Третий случай произошел с нами, прошу прощение за каламбур, в третьей поездке. Вся поездка происходила в высшей степени спокойно, мы отвезли груз в Аль-Зинтан, быстро разгрузились около местного футбольного стадиона с довольно ухоженным газоном (не часто, кстати, увидишь такое в городках посреди Сахары), и, любуясь бесчисленными руинами бывшей крепости, поехали назад. Но не успели мы толком выехать за пределы Аль-Зинтана, как нас остановил патруль революционеров. Ну, ничего, дело то обычное. Мы вышли из кабины, Жека что-то сказал Халиду.
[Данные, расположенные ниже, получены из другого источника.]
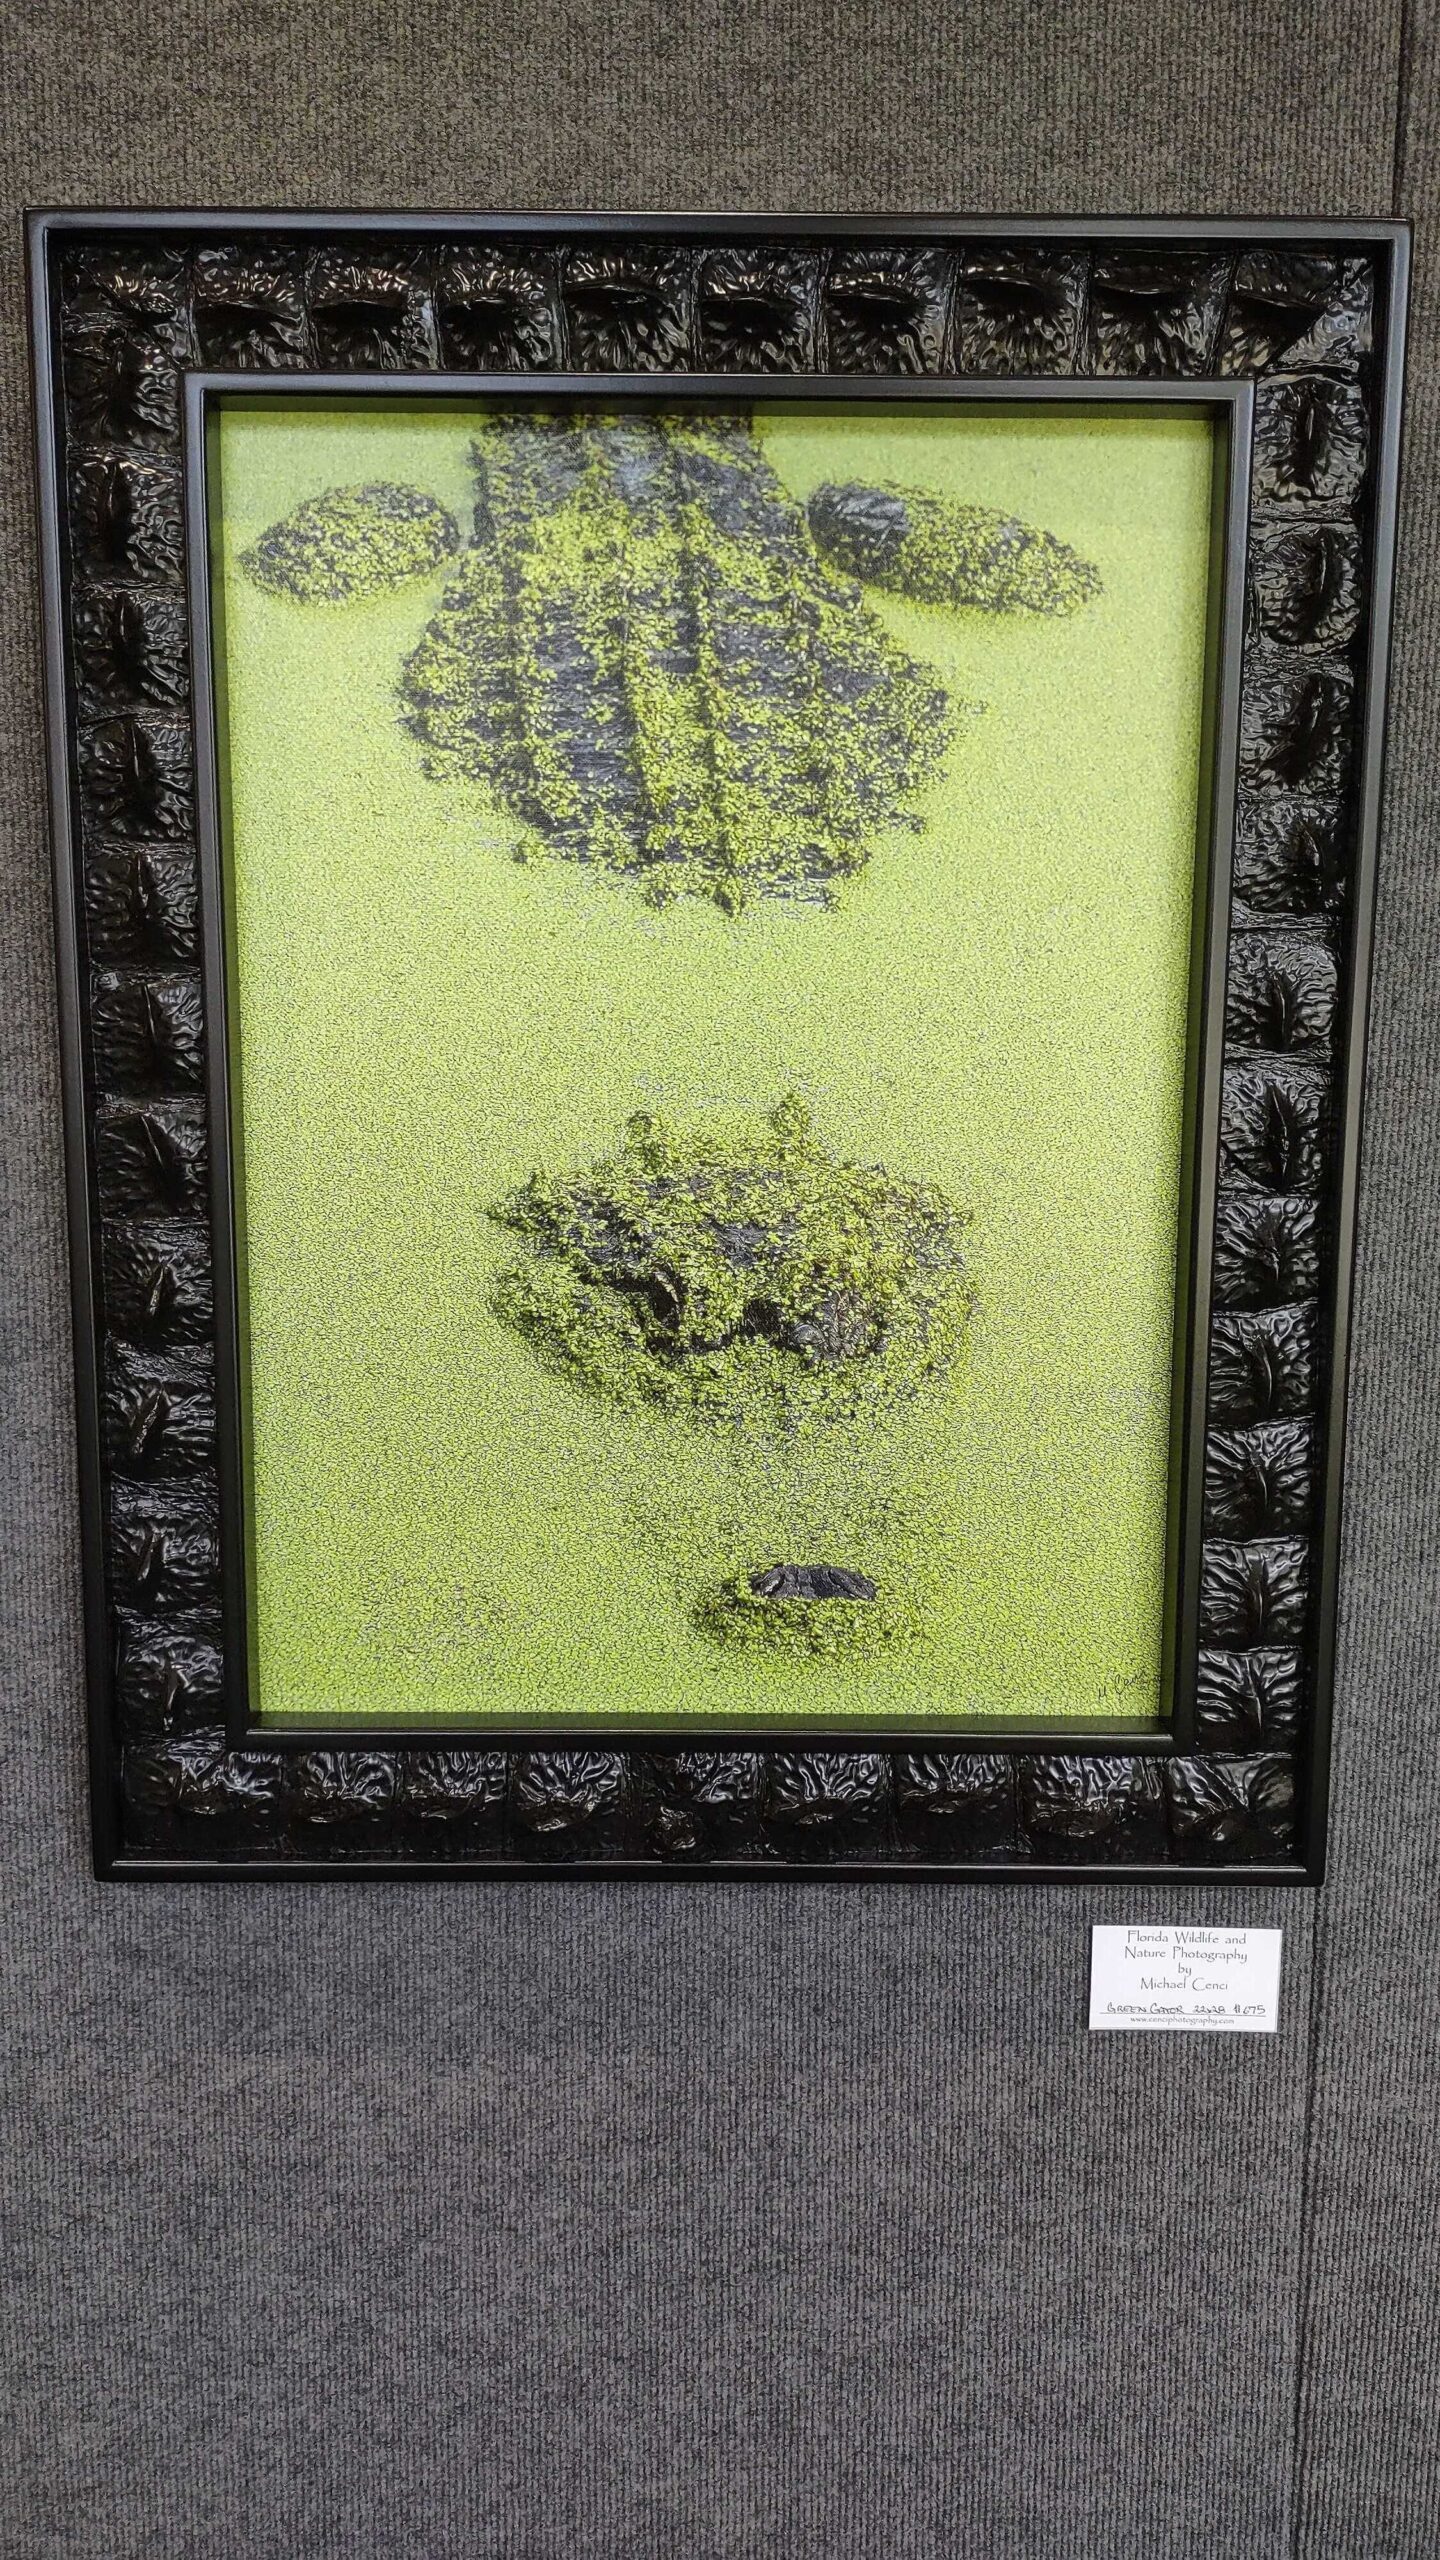 A framed picture of a crocodile on display.

Смотрю, как то один из революционеров насторожился, а потом что-то принялся горячо доказывать своим товарищам, они все подняли гвалт, словно стая разъяренных гусей. Ничего не понимая, поворачиваюсь к Халиду и вижу, что он весь подбледнел и как-то сник. Глянув на меня затравленным взглядом, Халид произнес: «They say, that you are Russian mercenaries of Kaddafi. It seems for them, that you speak with Russian accent! They propose to kill us immediately…» Говорил он это сначала возбужденно, а затем все мрачнее и мрачнее, казалось, что у него просто батарейки садятся.

В моем мозге сразу возникло нехорошее русское слово, созвучное названию полярной лисы. Сам не ожидая от себя такого, я заорал:

– Scheiße! Ich und mein Freund sind aus Deutschland! Aus Deutschland, verstehen Sie mich? Wenn Sie jetzt schießen, haben Sie viele ernste Problemen mit Bundesregierung!

Вышло у меня все спонтанно, но довольно внушительно. Мне прямо самому понравилось. Произношение и голос были точь в точь как у Тила Линдемана, солиста «Rammstein». Повезло, и похоже «Rammstein» слышали даже в Ливии. Спасибо вам, ребята-рокеры из Германии – вы сделали большое дело!

Галдящие революционеры несколько растерялись. Халид, как он мне потом сам в этом признался, на арабском подтвердил, что мы никакие не русские, а самые настоящие немцы… Революционеры недоверчиво отшатнулись, а потом протянули назад документы. Еще более нам повезло, что никому из них не пришло в голову посмотреть наши паспорта или водительские права. Вот тогда всплыла бы наша «файна юкрайна» и как минимум, пришлось бы сидеть в ливийской тюрьме (и это по очень оптимистическим расчетам). Увы, особых надежд на нашу родную дипломатию, не подкрепленную, в отличие от той же американской, барражирующими авианосцами, не было.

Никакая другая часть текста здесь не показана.